The importance of this entry, is that I have to admit that I believe in God in a very similar way as you described. That for all the books I have read etc, my reason to believe is no better founded. I had been struggling with spiritual issues too long and because of that, I was becoming more ineffective as a father, nurse, and researcher. I felt compelled to return to my religion even though I had major issues with it (rational). After praying for years and getting the same answer: “ to go a priest, confess your issues, and return to the faith you once had as a child”. As a rational person, I found that is a ridiculous idea ( fought it for like 15 years). But as you said Mr. A, at some point one comes to accept, to believe. So, fed up with my spiritual distress and guided my the above answer,I finally went to a priest. By going to somebody else, and in the name of all that is asking for help, I was able to overcome some major spiritual obstacles.
Every day I find that I have to remain focused on what is really important. If I stray from the right path, I become very ineffective in what I do. I become less capable of being caring and staying away from vices. This heavily detracts from my work, work that I feel would be of at least some importance if I could balance my life better
I struggle just like you Mr. A in balancing the two worlds. I want to do what is right in God’s view but it did not work by just following a set of religious rules ( as Catholics can be thought famous for and what I thought I had to do as a Catholic), about which job he wants me to have, how large a family, or what kind of research I should/should not conduct (although he might). Rather, I would guess that God knew I would be always thinking about stuff ( study philosophy), want to be in a profession where I could focus on caring (nurse), want to be artistically creative when possible (guitar player), and participate in sports that put mortality to the test (monkey/snowboarder/rock climber. I could have chosen other things but they would be similar.

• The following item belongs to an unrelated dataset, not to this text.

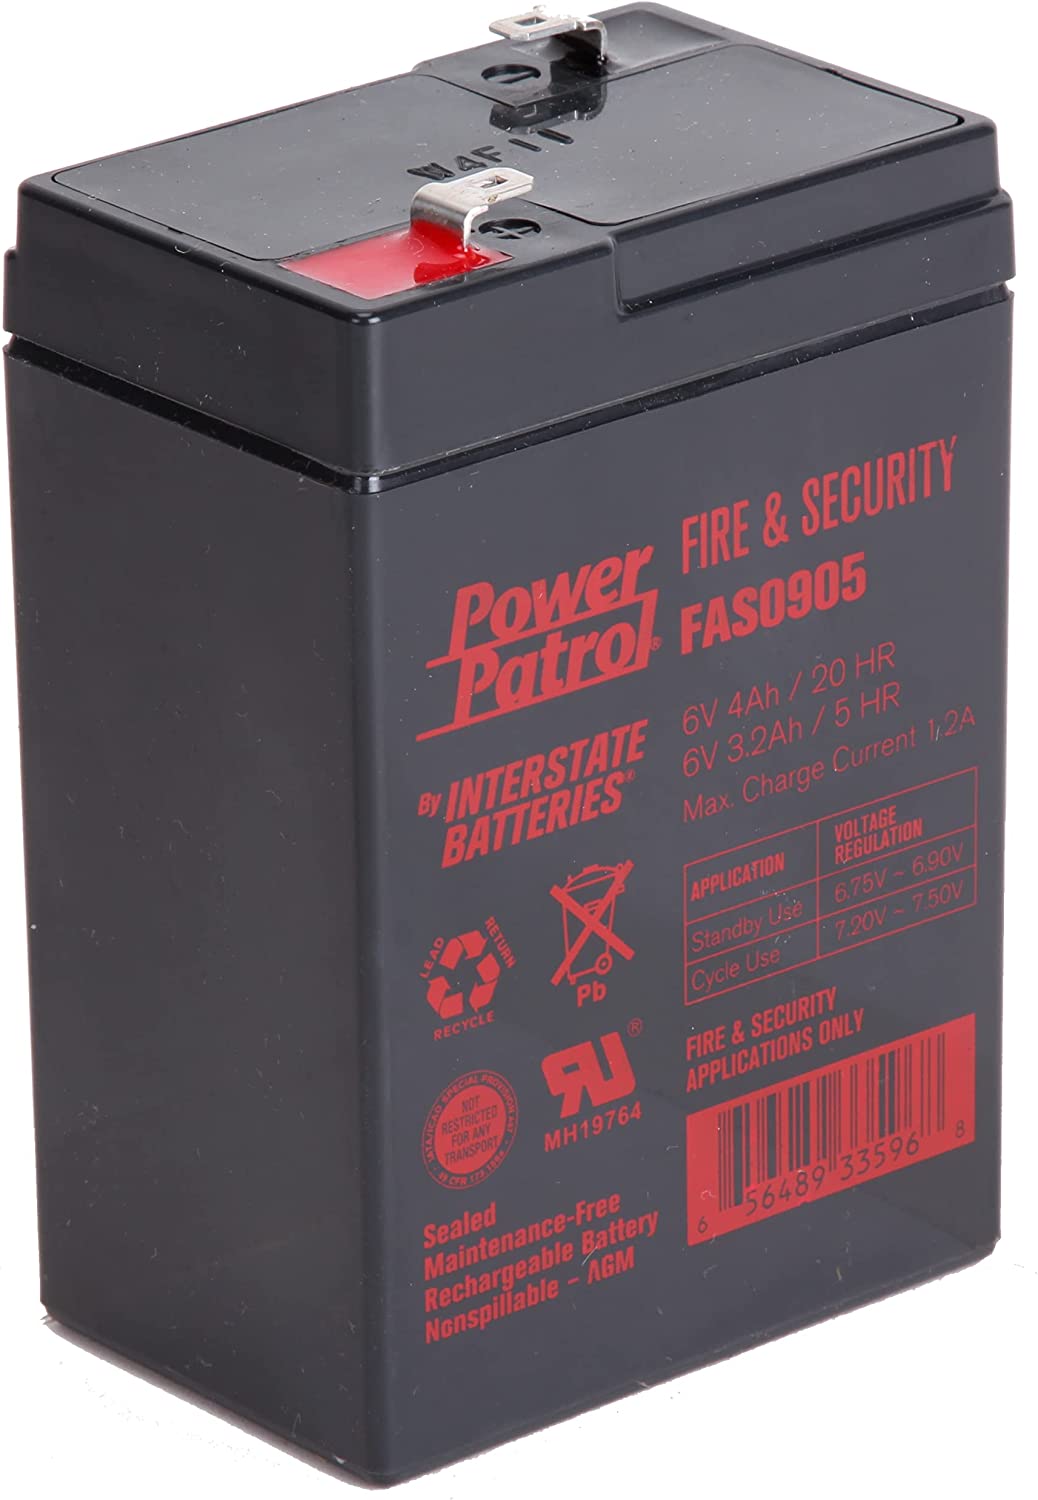 Interstate Batteries FAS0905, Power Patrol, 6V 4Ah Fire & Security Battery with Sealed Lead Acid Rechargeable SLA AGM (F1 Terminal) for Fire Alarms, Security Systems

My struggles happen when I get too focused on one thing or another I falter. It sad how quickly and obvious it is when I stray. For me to stay on path, I need pray a lot, reflect upon what is going on in my life, and finally most recently reconcile my problems with the Catholic church so that I can return to my religious tradition. Studying philosophy, being a nurse, being a father, guitar playing etc. have all brought me closer to God and also taken me away from God.

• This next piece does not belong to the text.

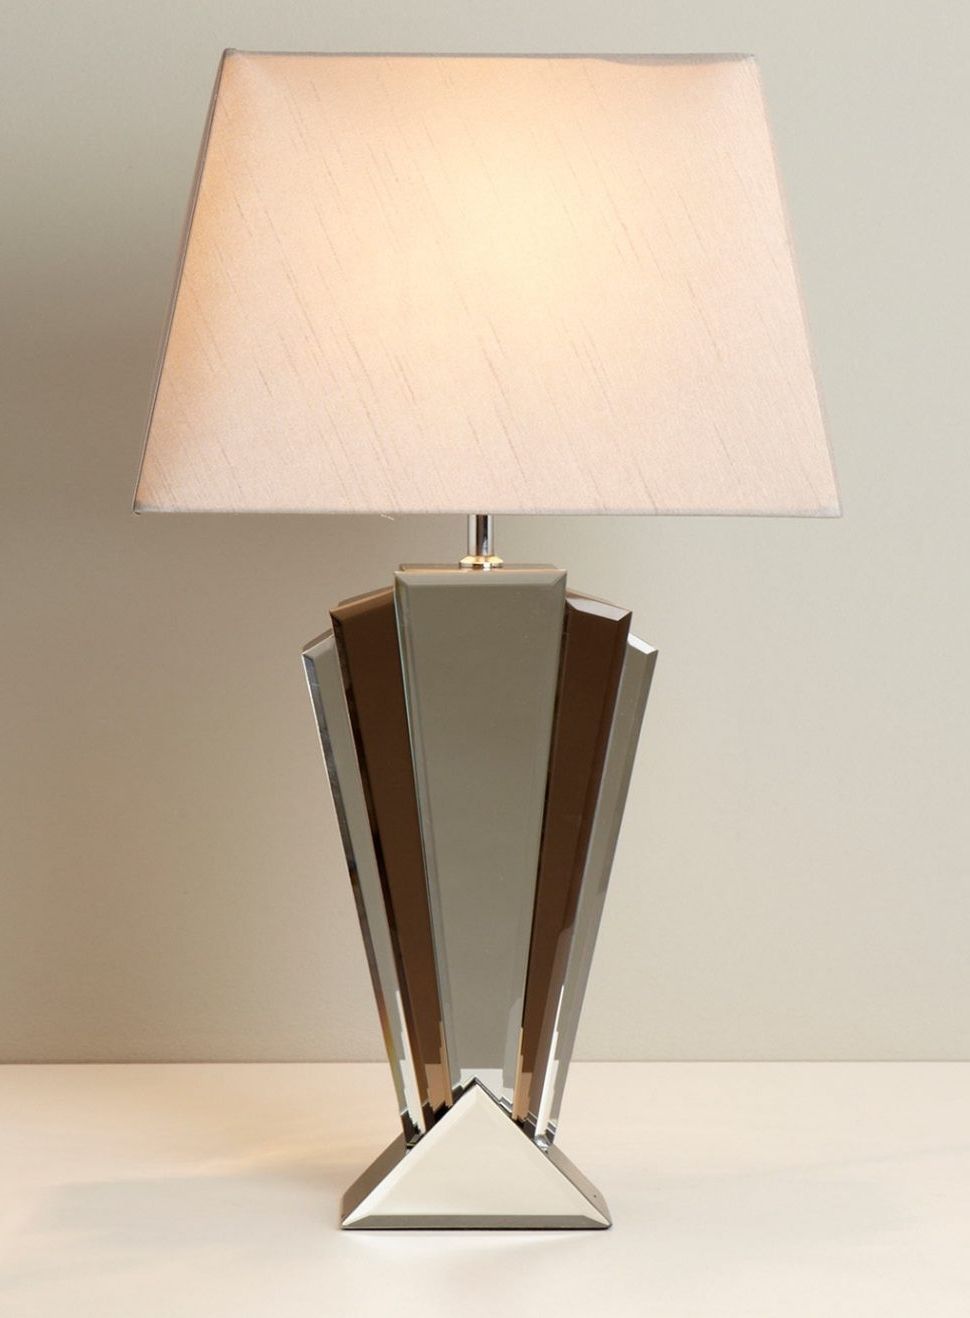 Preferred Table Lamps For Living Room At Ebay Intended For Livingroom : Buy Art Deco Table Lamps — Design The Categories Of (View 1 of 20)

One does not need any of the above to get to God, but in my case they is how He got to me, for that is what I am. Hopefully my work will be of help to others. When I first met you, I felt you Mr. A could have cared less about God. Oh how He changed that. For I feel He knew what kind of person you were, and waited for you to make a move in the right direction, a move that would bring you right to Him.
Conclusion:
Give the long mother blog ( I hope you don’t die reading it) I thought I better summarize what I said. My faith became necessary when I could not longer contain my spiritual distress. This required me to accept experiences and ideas that I cannot fully rationalize except to say that it seemed to right and therefore most rational for me to do. Through a most off topic I tried to show that science does not error because it is too scientific but rather because like anything else ( philosophy and faith), it can blind itself. I have come to realize that if I do not allow myself spiritual help I am not capable of being a good father, husband, nurse, researcher, and musician (even though these traits are what I am) because I too can blind myself by ignoring the bigger picture spiritual needs. However, without all the above I would never have found God in the first place. How quixotic.
From the heart I want to say that my faith is based in reason and experience (irrational thought); quixotic to the core. Your’s, from a completely different angle, requiring little of what I do. You born again, me Catholic. Both religions opposed and alike. Yet, I have all the faith that God laughs at this saying, “you believe for the same reason, is that not enough?”